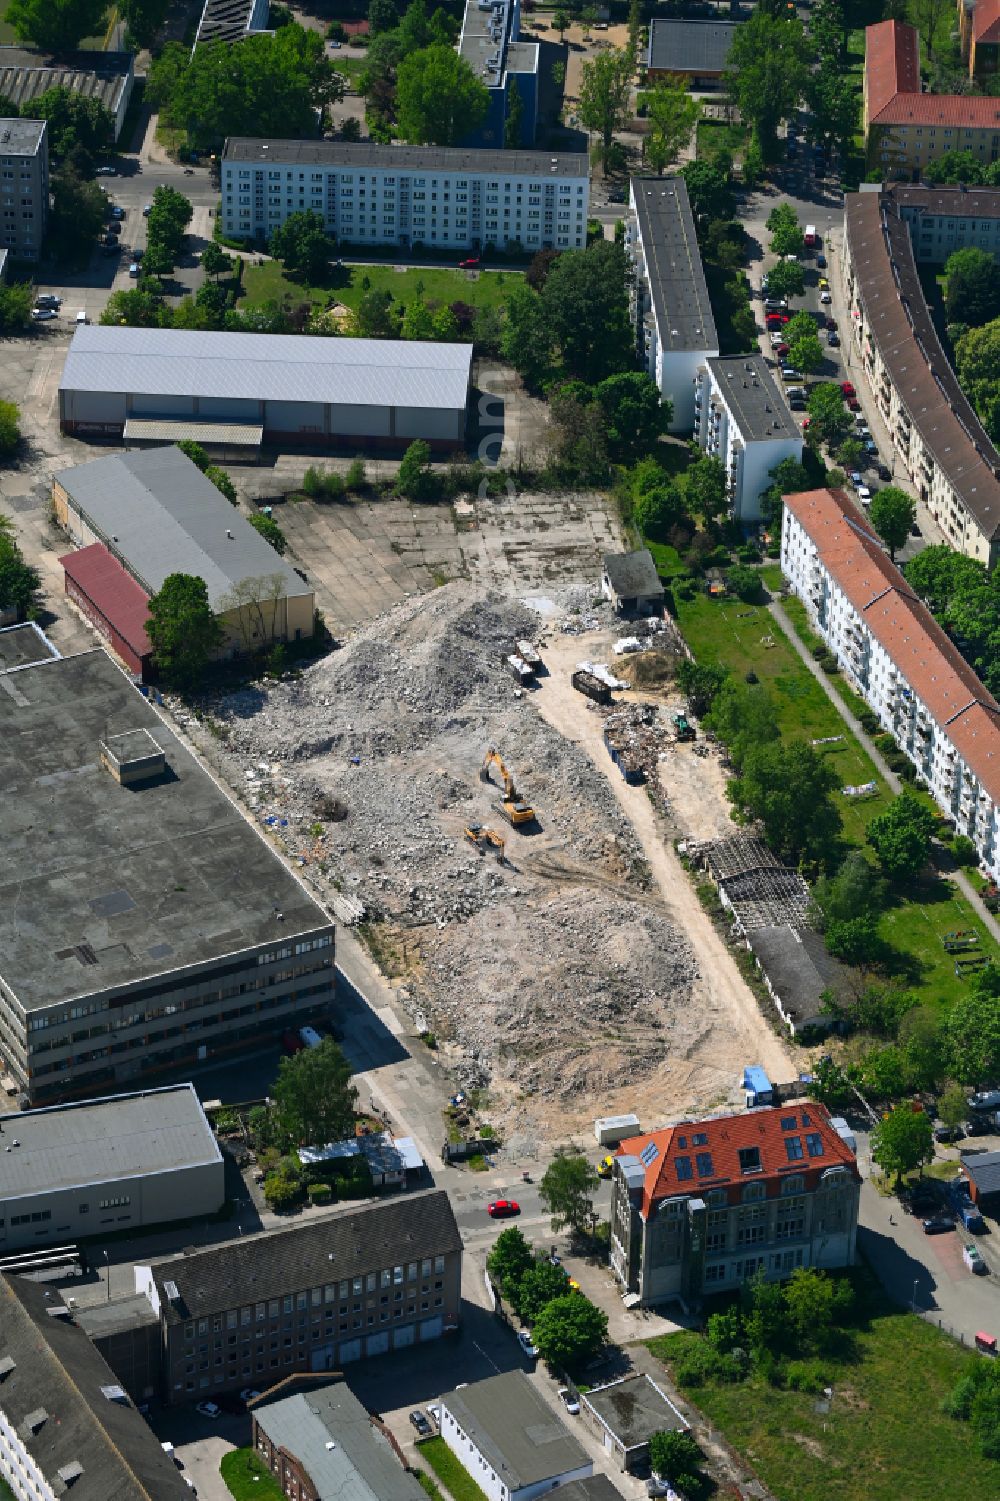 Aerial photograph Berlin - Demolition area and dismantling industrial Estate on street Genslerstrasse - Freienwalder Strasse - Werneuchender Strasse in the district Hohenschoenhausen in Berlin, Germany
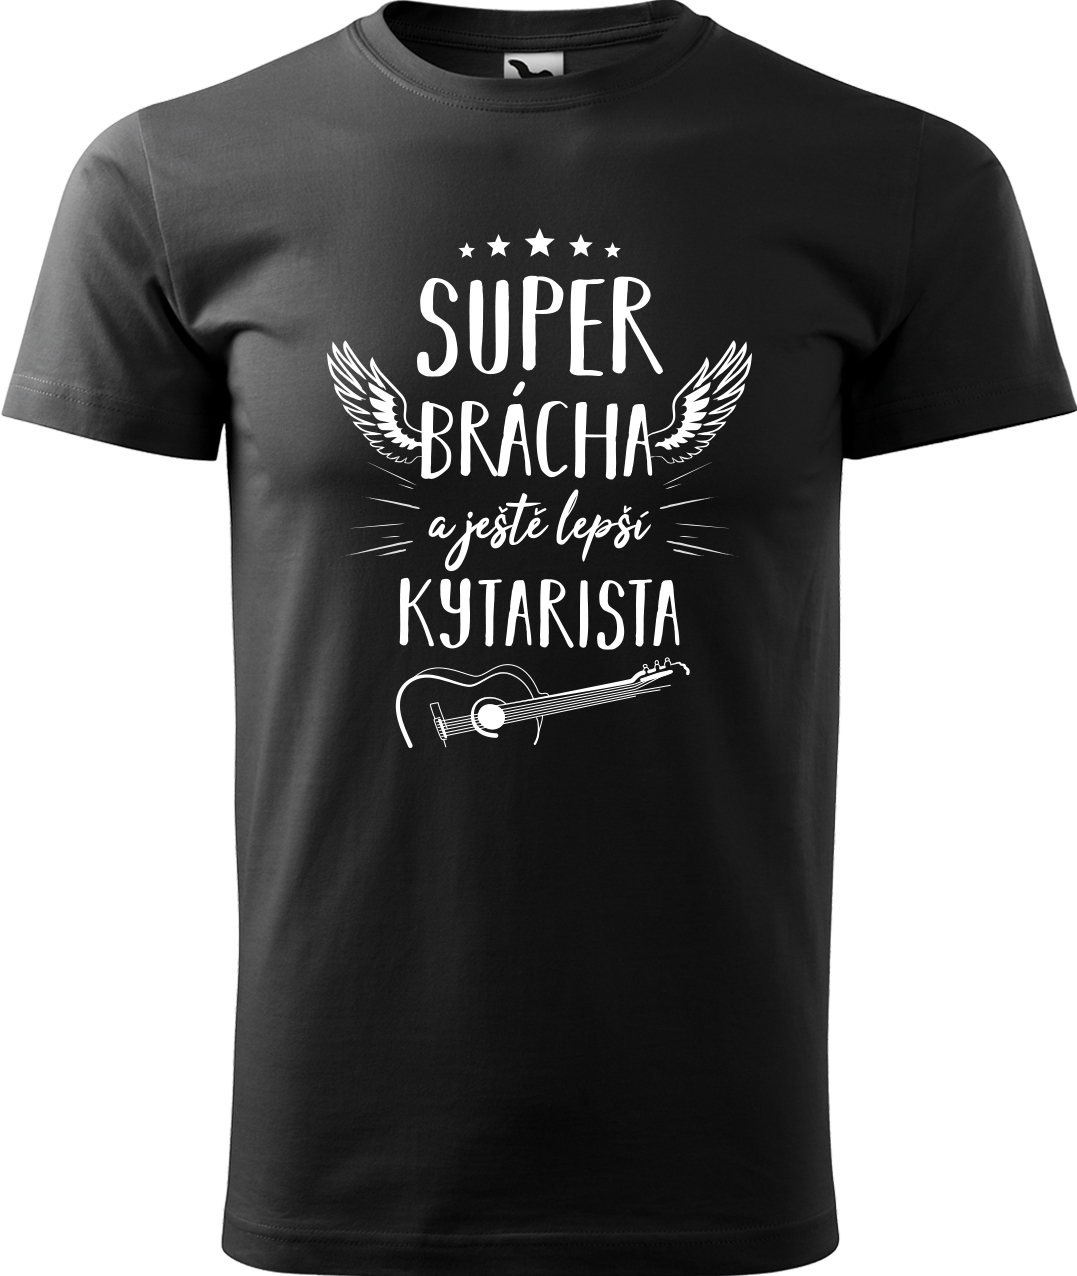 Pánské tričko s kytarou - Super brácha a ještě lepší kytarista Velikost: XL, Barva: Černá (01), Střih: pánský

* * *

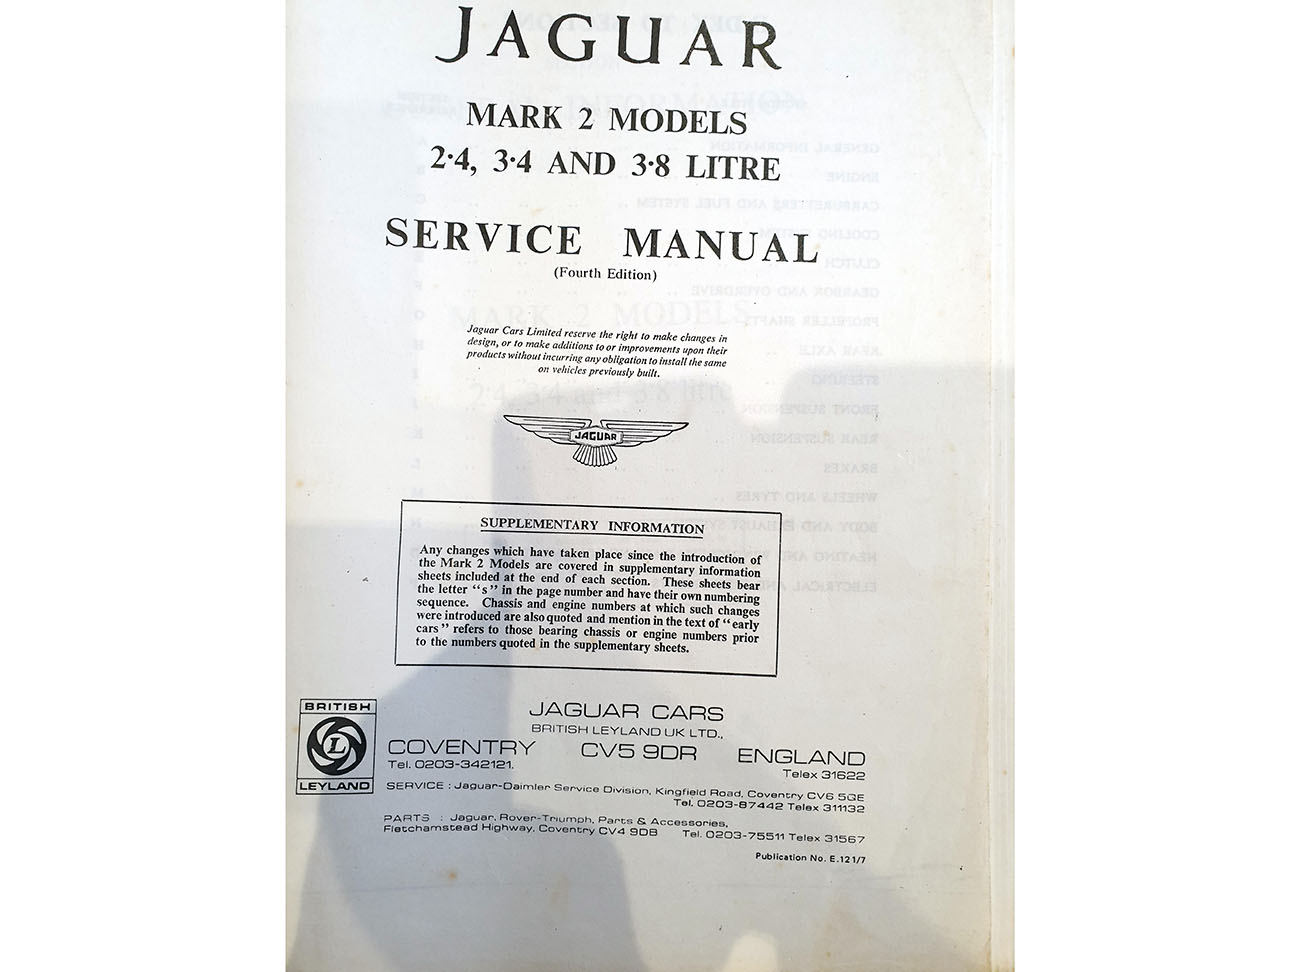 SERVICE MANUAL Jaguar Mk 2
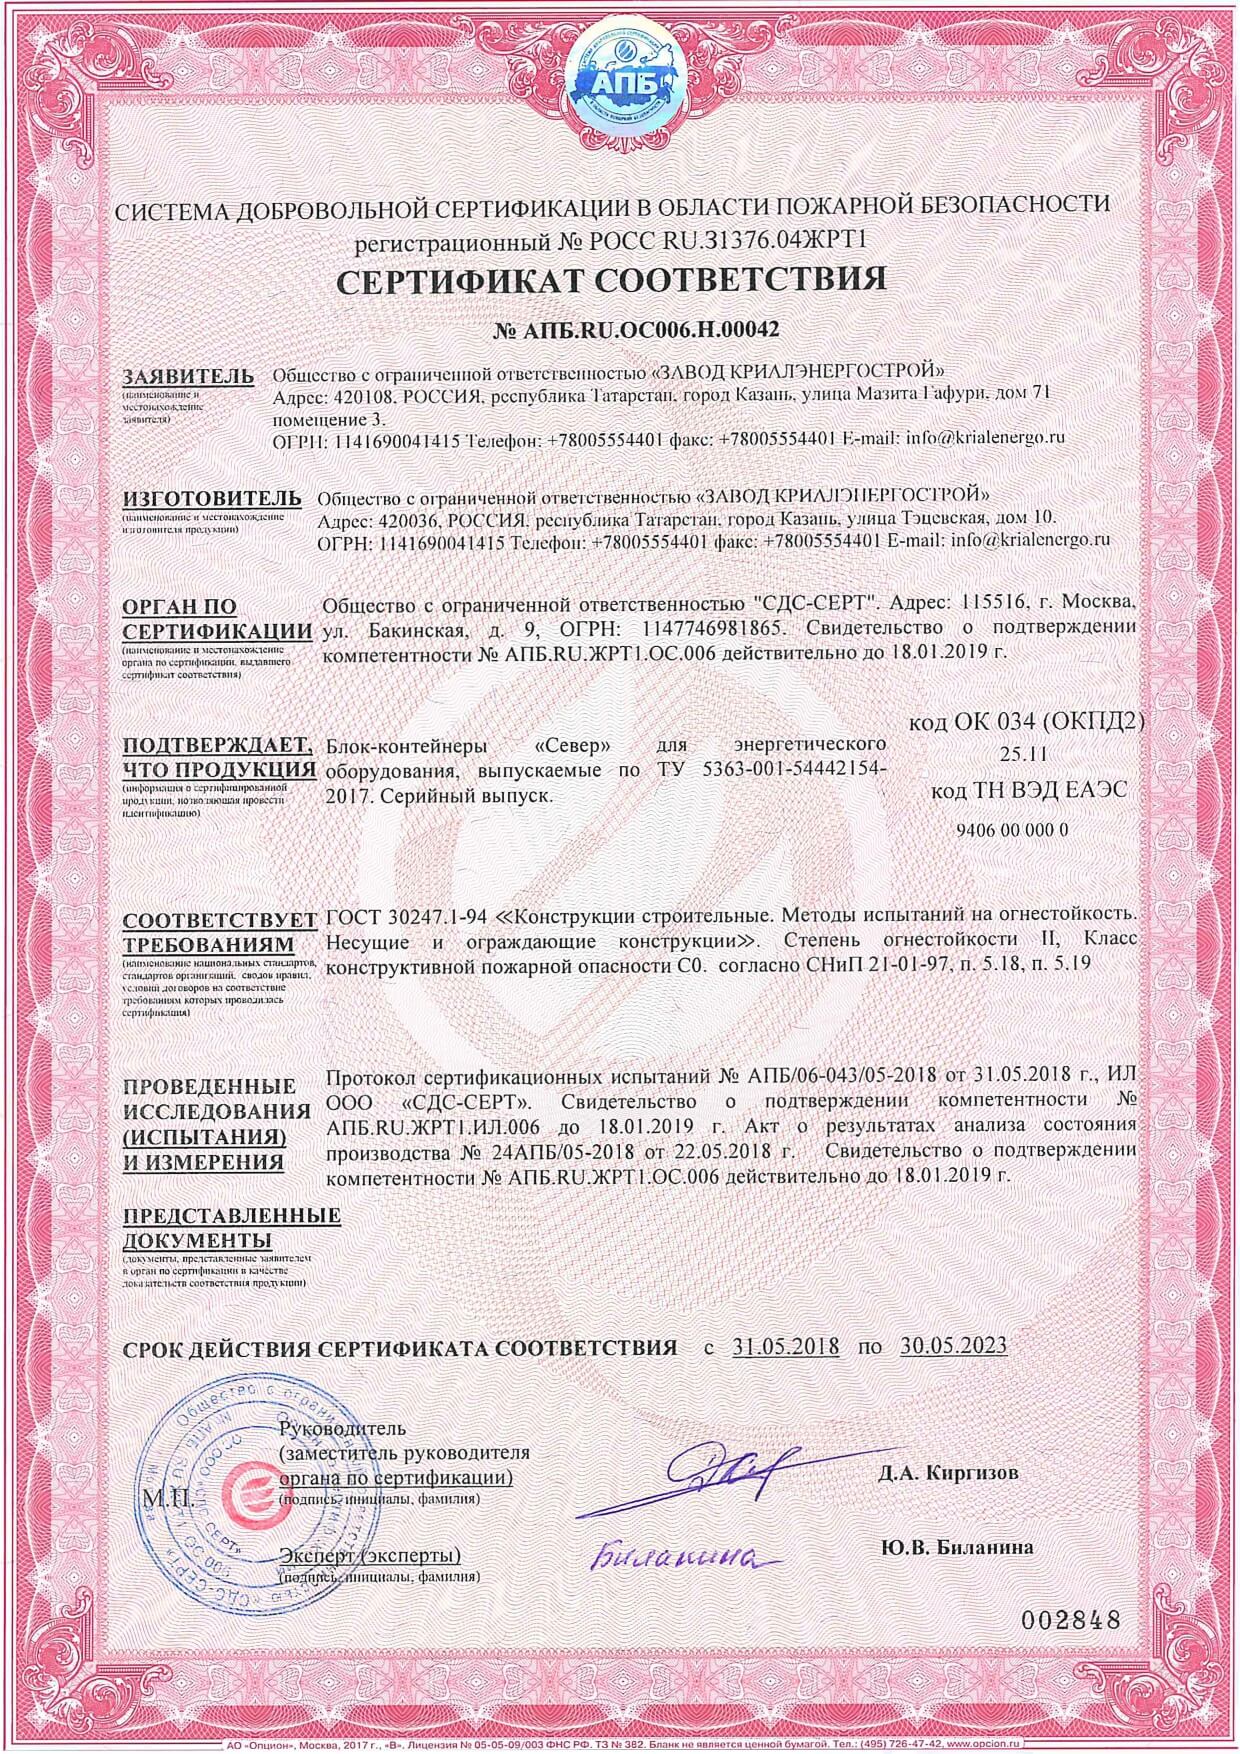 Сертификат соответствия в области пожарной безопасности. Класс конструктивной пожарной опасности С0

> **ASSIGNMENT**:
Going by the data above, give back only the lines from the one containing "Aerial photograph Berlin" through the one containing "Pánské tričko s", exactly as they stand, both ends included and no images.

> **THE COMPLETED TASK**:
 Aerial photograph Berlin - Demolition area and dismantling industrial Estate on street Genslerstrasse - Freienwalder Strasse - Werneuchender Strasse in the district Hohenschoenhausen in Berlin, Germany
 Pánské tričko s kytarou - Super brácha a ještě lepší kytarista Velikost: XL, Barva: Černá (01), Střih: pánský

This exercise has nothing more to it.